Liability for Things (Article 1242(1))
The landmark arrêt Jand’heur (Chambres réunies, 13 February 1930) established that the person having custody (garde) of a thing is strictly liable for damage caused by it, regardless of fault. The gardien is the person who exercises use, direction, and control (usage, direction et contrôle) over the thing. Liability applies to all things, whether dangerous or innocuous, movable or immovable. The gardien may be exonerated only by proving force majeure, an act of a third party constituting an unforeseeable and irresistible event, or the victim’s fault.
The concept of garde de la structure and garde du comportement divides custody where a product has been put into circulation: the manufacturer retains custody of the structure (internal composition), while the user has custody of the behaviour (operation).
Product Liability
Articles 1245–1245-17 CC implement the EU Product Liability Directive 85/374/EEC, replacing earlier judge-made liability based on Article 1242(1). Liability is strict for damage caused by a defective product. A product is defective when it does not provide the safety a person is entitled to expect. The manufacturer and importer are liable. Defences include the development risks defence (Article 1245-10) and compliance with mandatory regulations. The provisions are exclusive in the field of product liability (Article 1245-17), precluding concurrent claims based on other provisions.

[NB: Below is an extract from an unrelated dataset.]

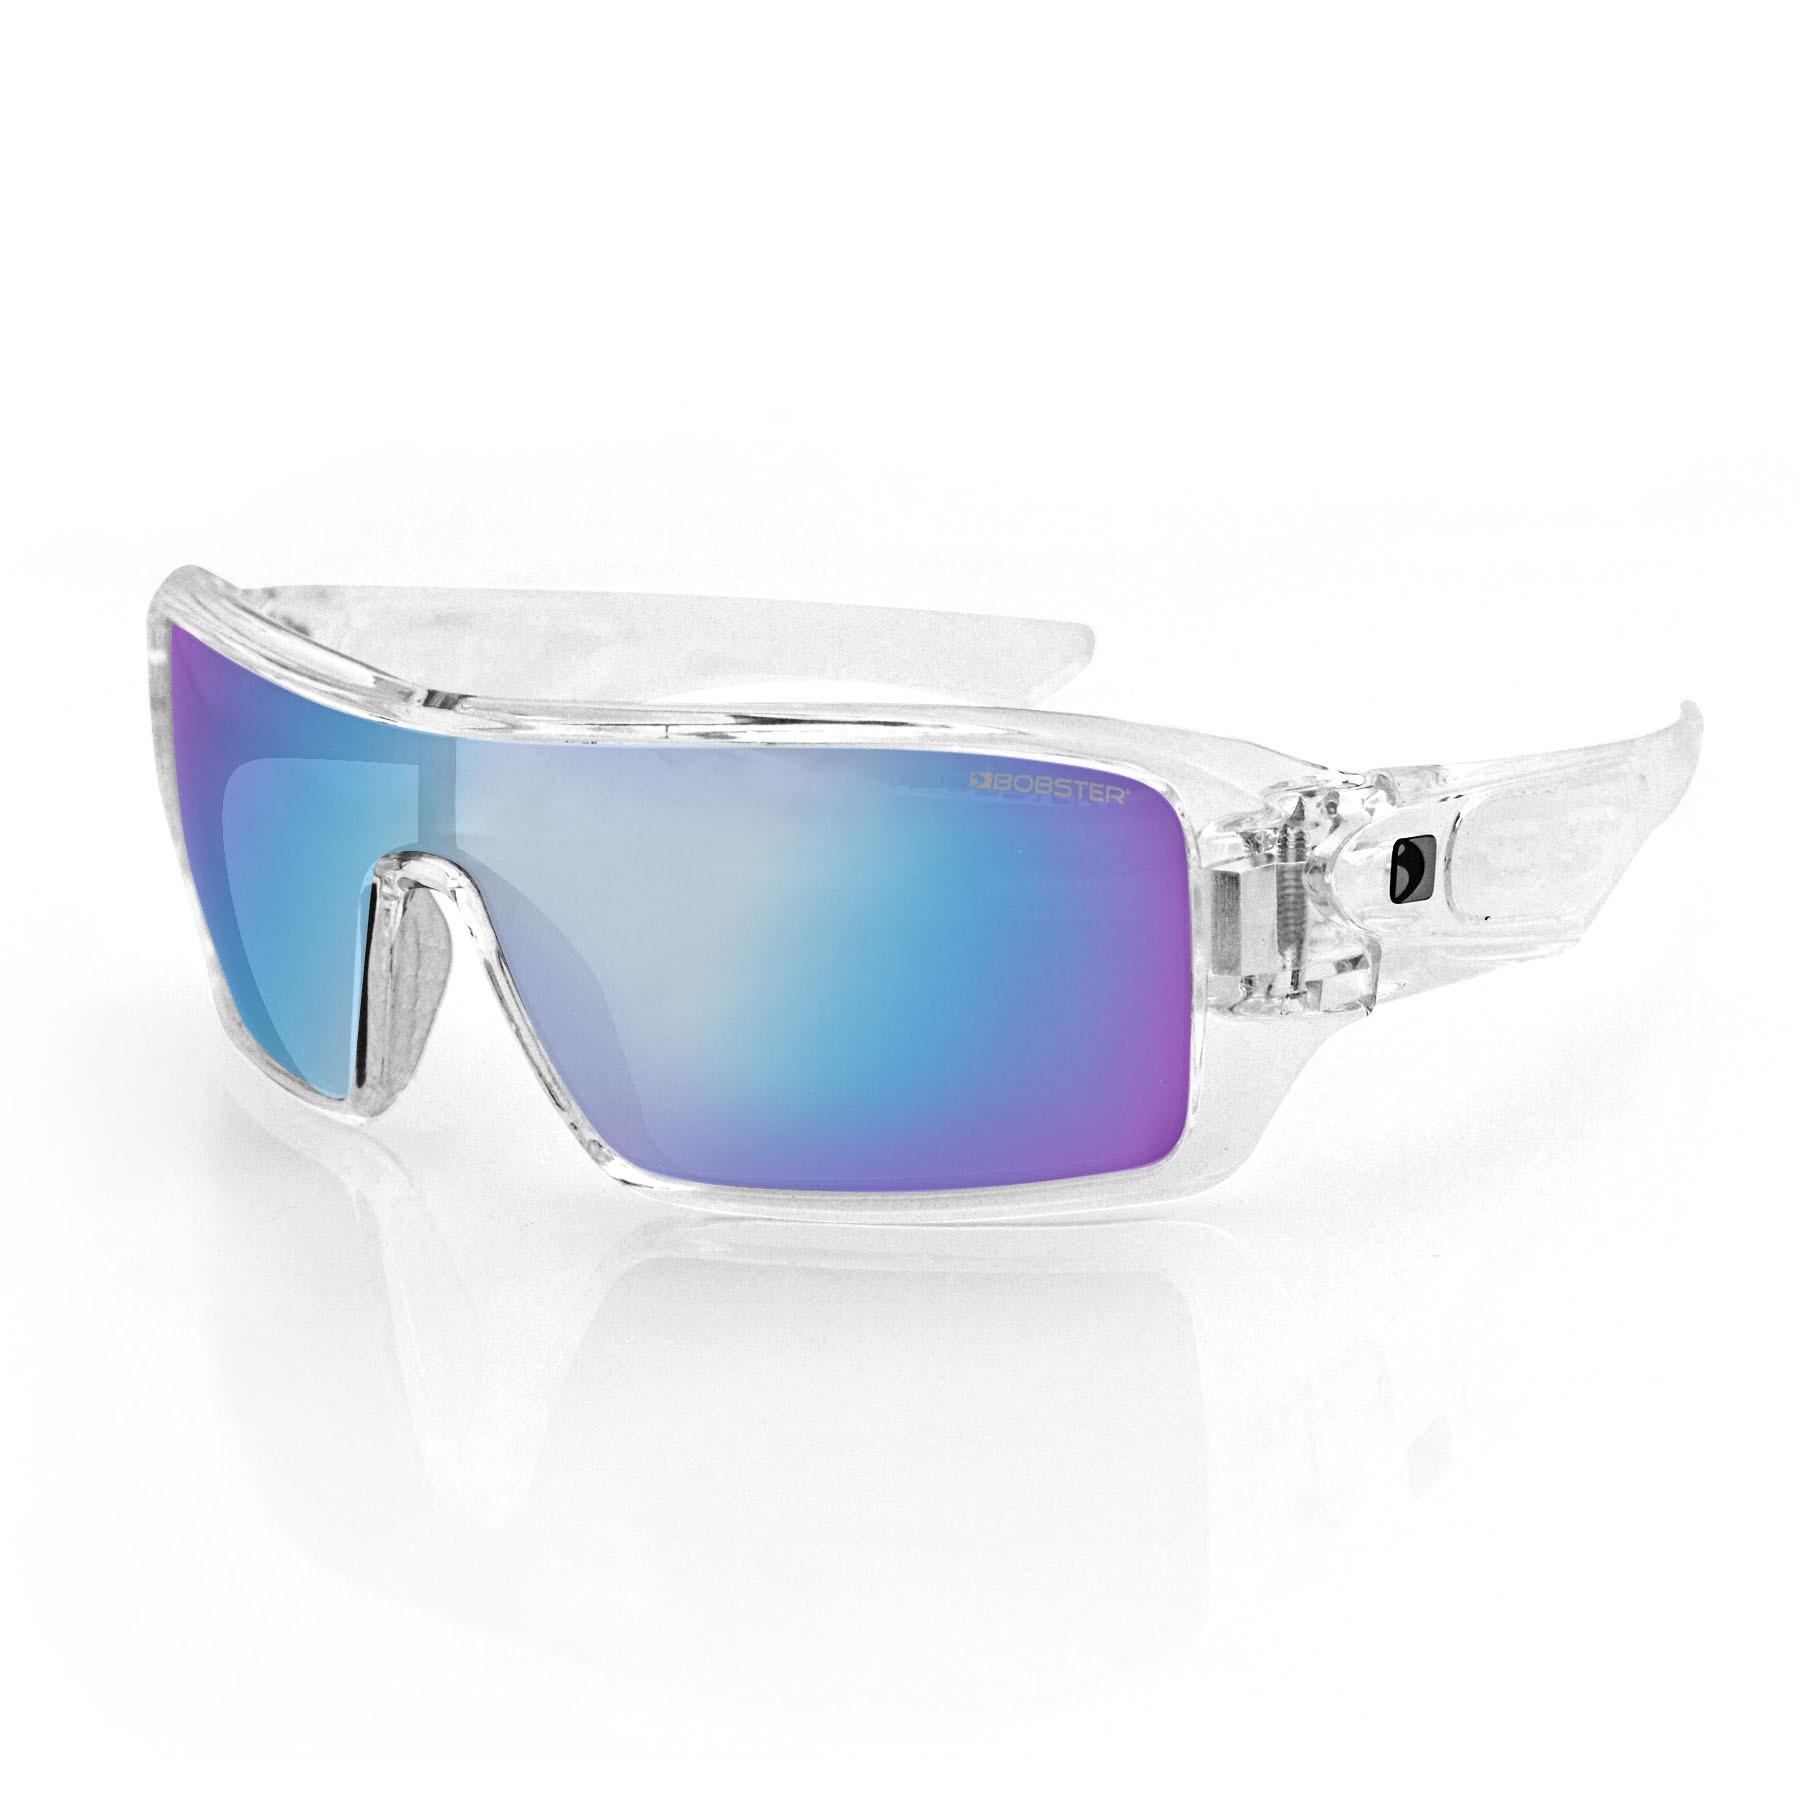 Paragon Sunglasses   Cadre Cycle   Cincinnati\'s Moto Guzzi ...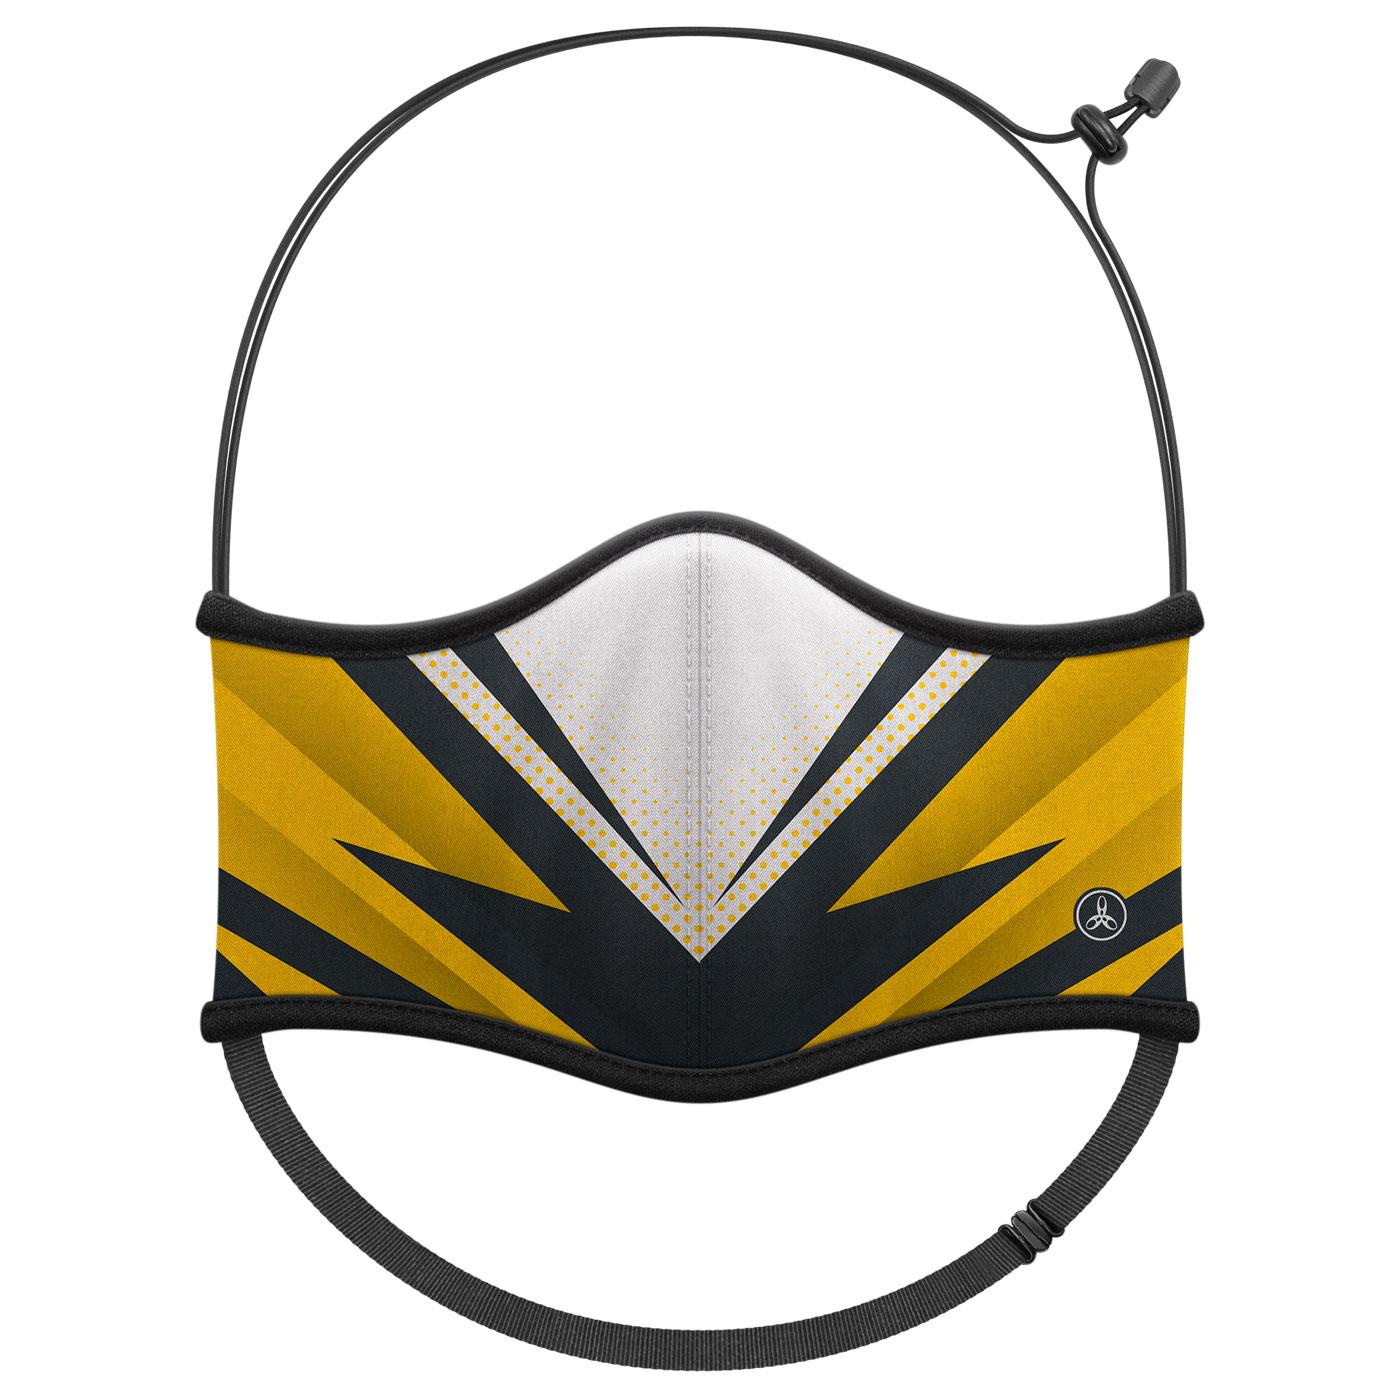 HODARLA 運動舒適口罩6032213 - 黃黑白

Contractual and Tortious Liability
French law maintains the rule of non-cumul des responsabilités (non-cumul): a claimant cannot sue in tort where the parties are in a contractual relationship and the damage arises from non-performance of the contract. The rule prevents circumvention of contractual limitations and preserves the coherence of the law of obligations. Tort liability applies only in the absence of a valid contract between the parties or where the damage affects an interest independent of the contract (the option de responsabilité is excluded). The arrêt Besse (2005) confirmed that a third party to a contract may sue in tort for damage caused by non-performance without the limitation of the non-cumul rule.
Damages and Insurance
The principle of réparation intégrale governs all awards. Bodily injury is compensated through an itemised system of postes de préjudice, including temporary and permanent functional deficits, pain and suffering, aesthetic harm, loss of sexual function, and loss of amenities. Economic loss is compensated as actual loss (perte de revenus) and future loss (incidence professionnelle). Moral damage is compensated according to the circumstances.
Insurance plays a central role in French tort law. Compulsory motor vehicle liability insurance (loi Badinter of 5 July 1985) provides a compensation scheme for road traffic accidents, favouring victims with limited defences. The Fonds de Garantie des Victimes ensures compensation where the tortfeasor is unidentified or uninsured. Professional liability insurance is mandatory in many sectors.